What is needed is an exact copy of the listing, with no pictures in it.

- DATA EXTRACT
________
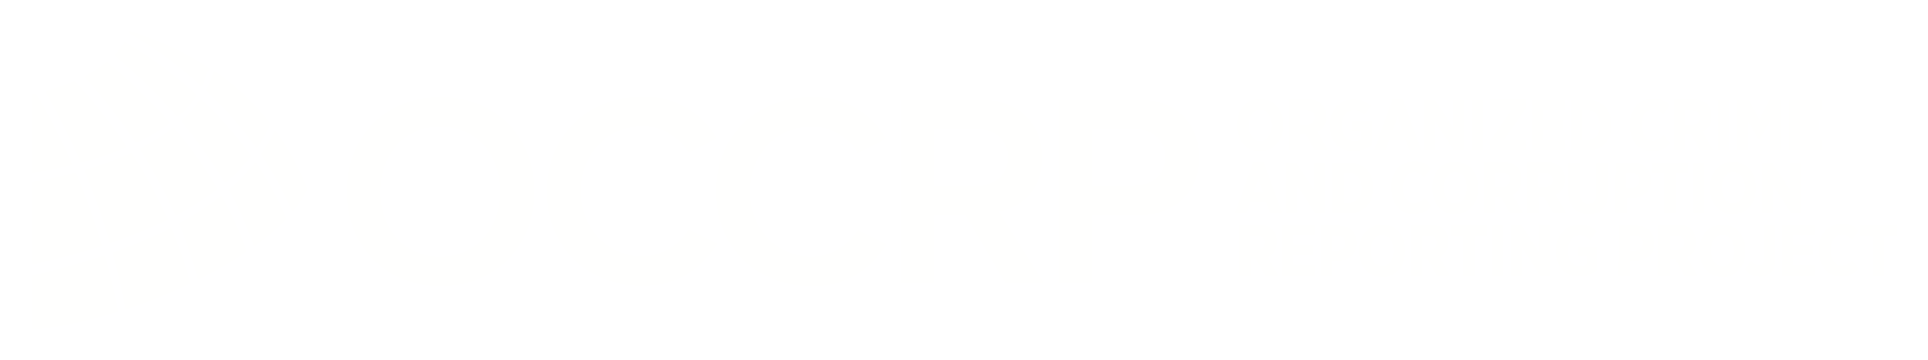 OCCRP logo
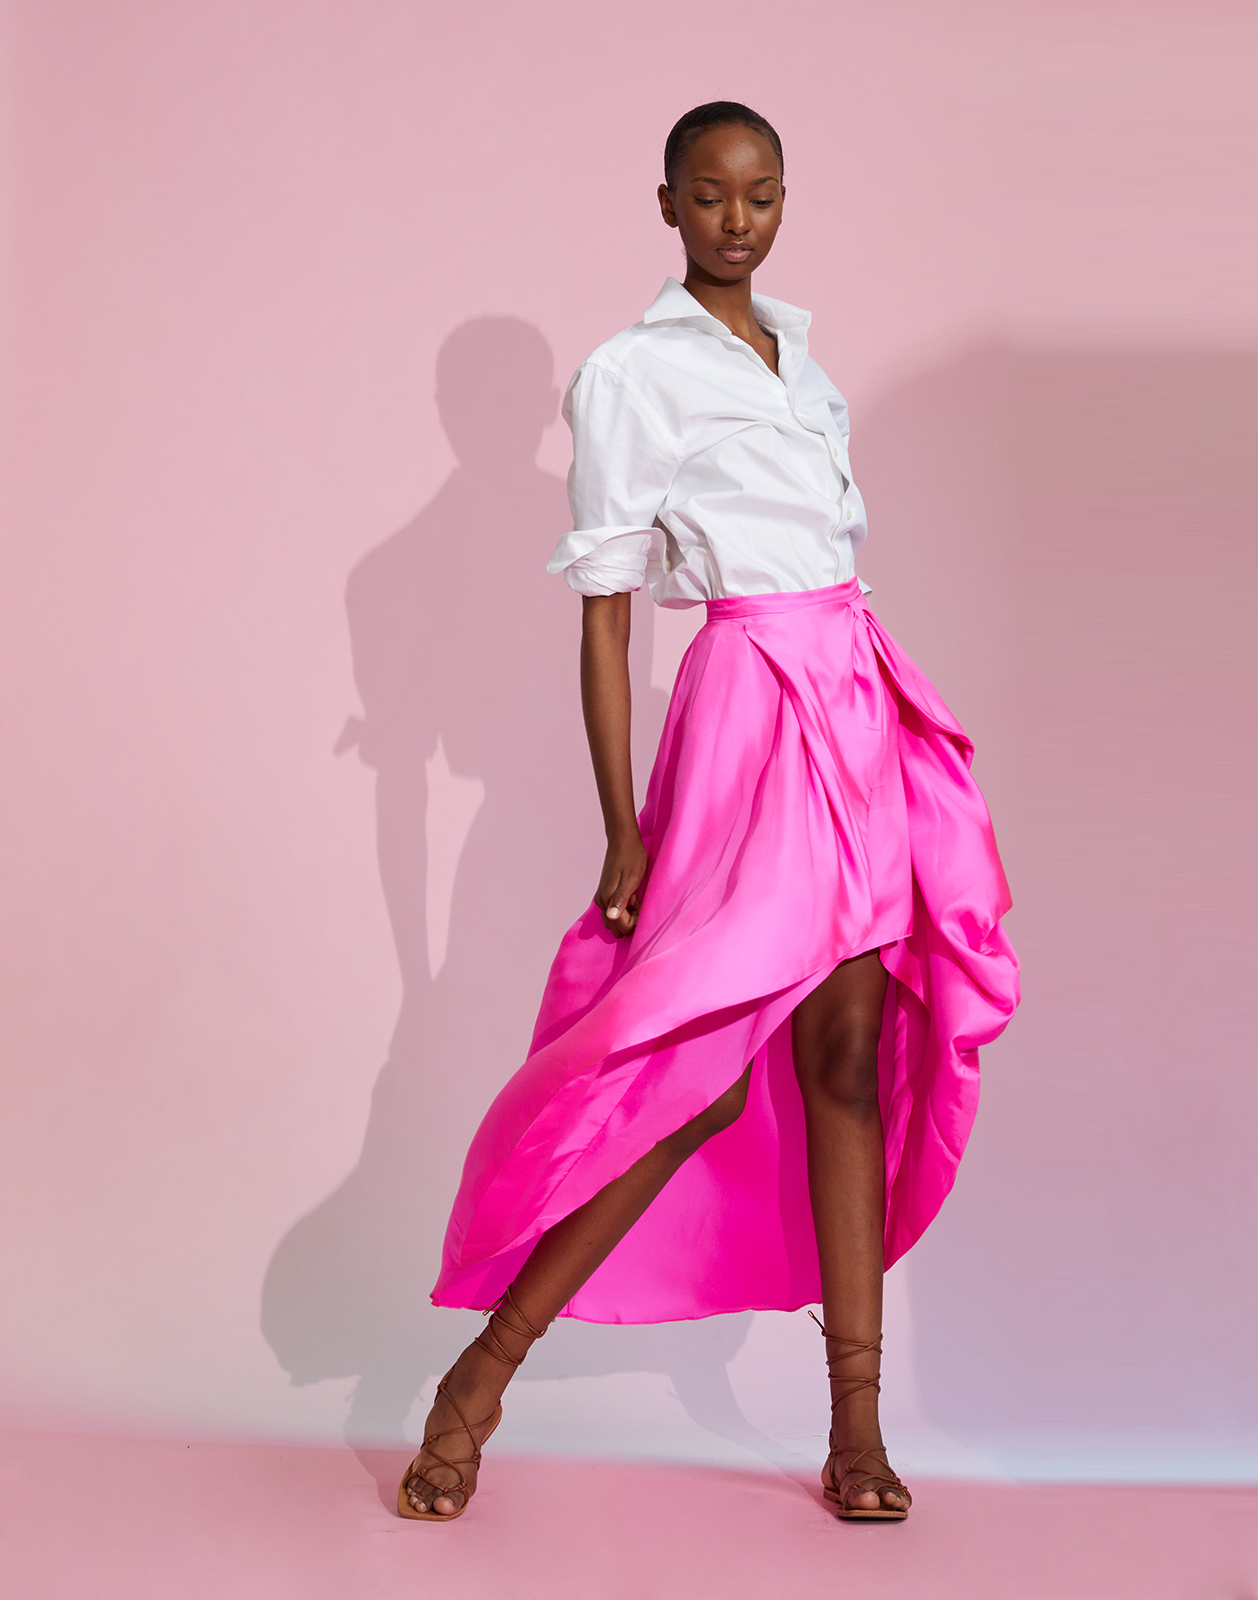 Silk bow skirt - pink
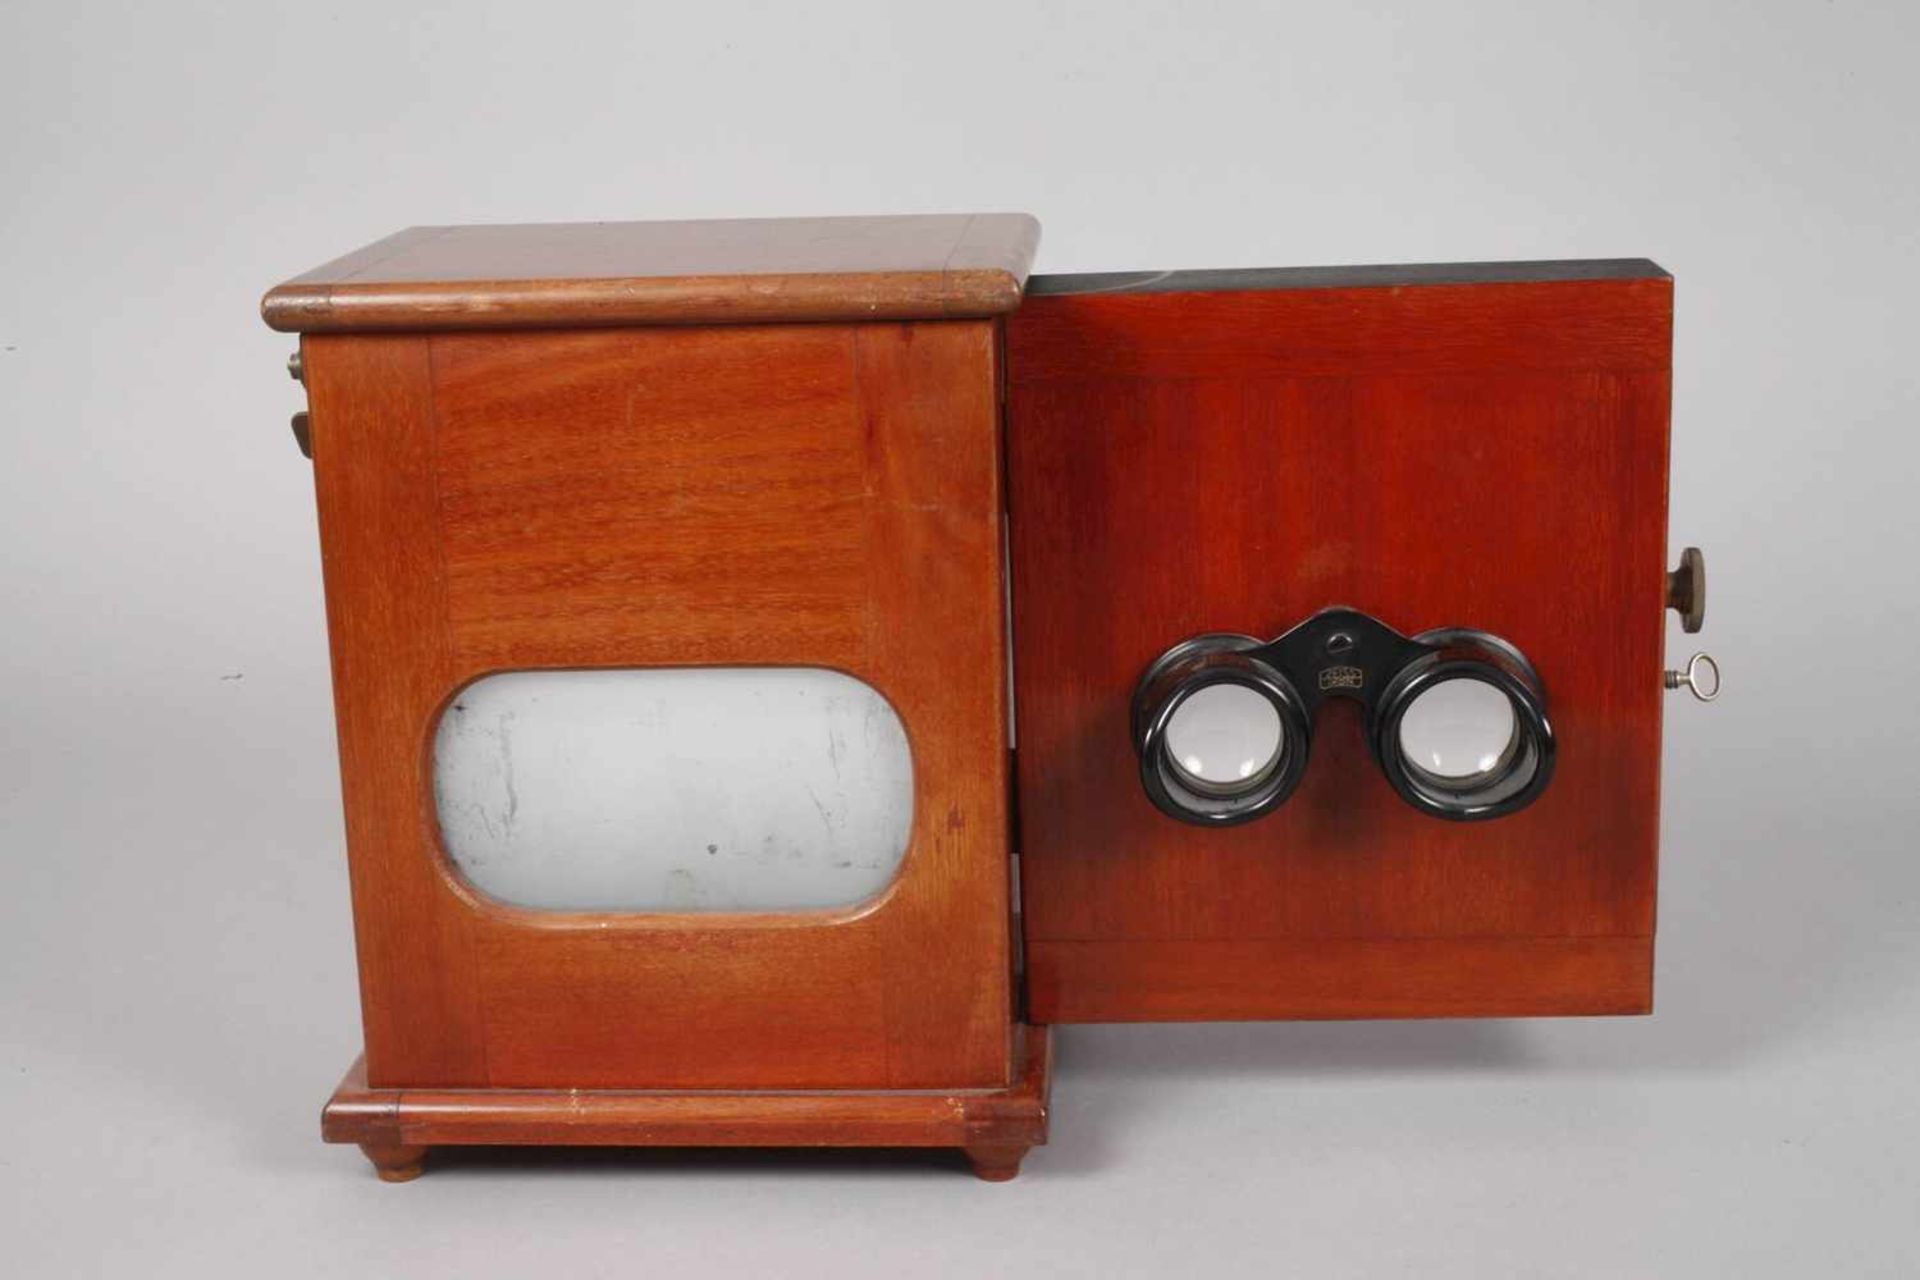 Stereobetrachter Carl Zeissum 1920, gemarkt Zeiss Ikon, Betrachter für Bilderkassetten, mit - Bild 3 aus 4
________
- YOUR RESPONSE
 OCCRP logo
 Silk bow skirt - pink
 Stereobetrachter Carl Zeissum 1920, gemarkt Zeiss Ikon, Betrachter für Bilderkassetten, mit - Bild 3 aus 4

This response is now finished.